I think that that is why I presented these hermeneutical keys not as a stand alone thing because if it is a stand alone thing then say jihad as a key. Jihad just becomes your own personal arrogant weapon against all the people whom you dislike. Because there is no taqwa involved that is no trembling in front of God. There is no praxis you know. So it just becomes a slogan that you’re going to use to wipe out everybody that you do not agree with.

So yeah I do think that of course in some ways you know you are not asking me a bit of personal question but something that I would suggest that you have a look at the second thing that I am suggesting that we have a look at. There is one dua in the Shi’i tradition. it is known as the Du’a Kumayl and Imam Ali is supposed to have taught this to one of the companions who was known as Kumayll. And it is a fascinating, a bit of a longish prayer; it lasts for about 30 minutes. I use it to go to bed with sometimes and I read it every Thursday; I make a point of it, I am very devoted to it. It is like a part of my life. And the one fascinating thing about that takes just a long intense wrestling between you and God between the believer and God.

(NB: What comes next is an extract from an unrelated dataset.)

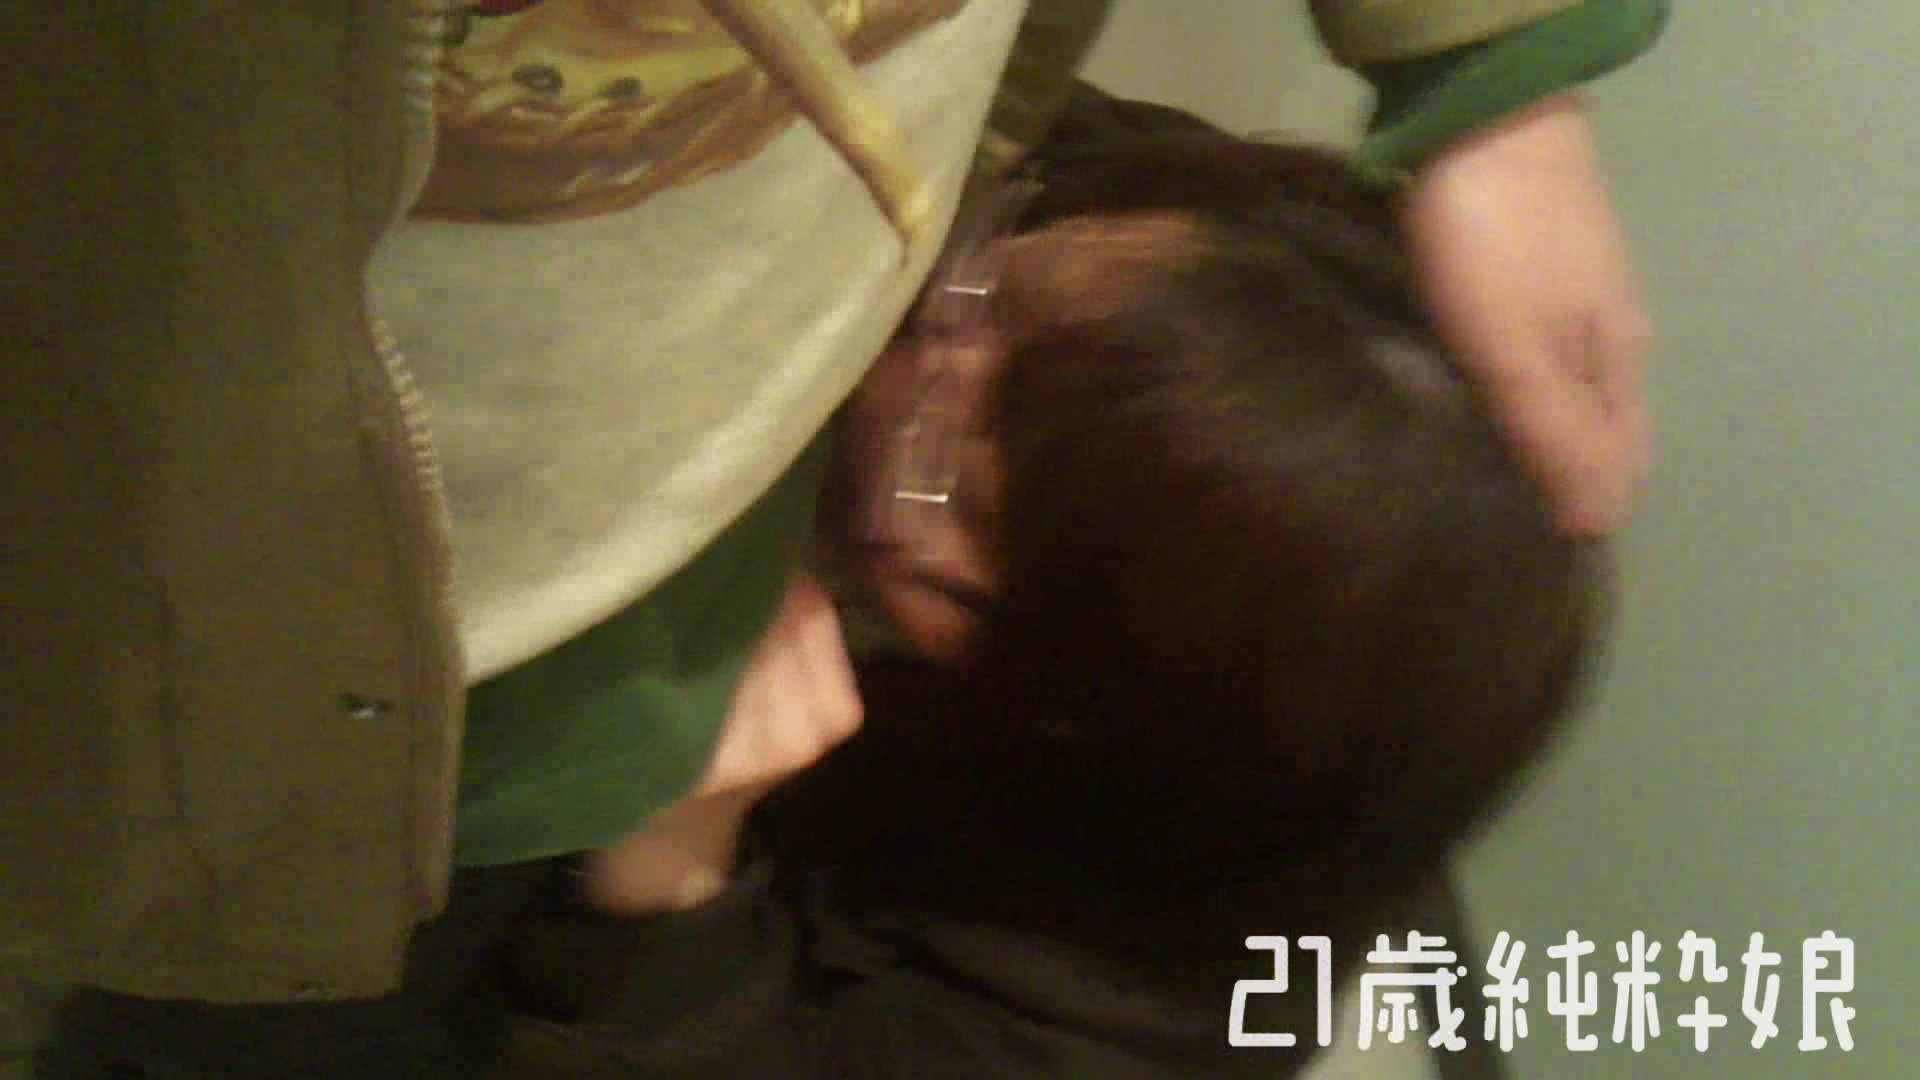 Gカップ21歳純粋嬢第2弾Vol.5 OLヌード天国  110PIX 52

And so in some ways this wrestling with the text…it is a wrestling, it is an engaged believer and an engaged lover that derives meaning and inspiration from this texts. But also find the text from time to time infuriating; like you can find your mother infuriating like you can find your elder brother that you love so much infuriating… but it is a part of your relationship of love.

Noah Black: There is a lot to think about there… But one of the things that I did really appreciate about the texts was I am not sure if it would be misreading it to say that a lot of the hermeneutical keys were built on taqwa but I found it really interesting that it seemed like you were using taqwa as a kind of an insurance of accountability both to the texts and to the people living on the margins. It’s not a question but…

Prof. Farid Esack: But it’s you know I have seen this and I wrote it. There was a larger context and this became very important for me. Qur’an, Liberation, [and Pluralism] appeared in what year… Ninety seven?

Noah Black:  Yeah. The year I was born.

Prof. Farid Esack: Yes. And in 1994 South Africa had become a democracy. And in that short period, I saw the transformation of activists and I saw the loss of a revolutionary ethos, and a commitment to simplicity, and to avoiding qualm, and avoiding ostentation… And I saw a departure towards material values. And so I often thought you know what is it that makes today’s revolutionary [individual], tomorrow’s oppressor [individual]?  And the only insurance against your own arrogance and your own transformation into that evil which once upon a time you abhorred. The only insurance against that is a feeling of utter accountability to a transcendent beyond you and beyond the material.

By the way we had elections in South Africa a few days ago. I do not know if you can see my finger…there is a mark on my nail that is the ink that they put on your thumb when you go and vote.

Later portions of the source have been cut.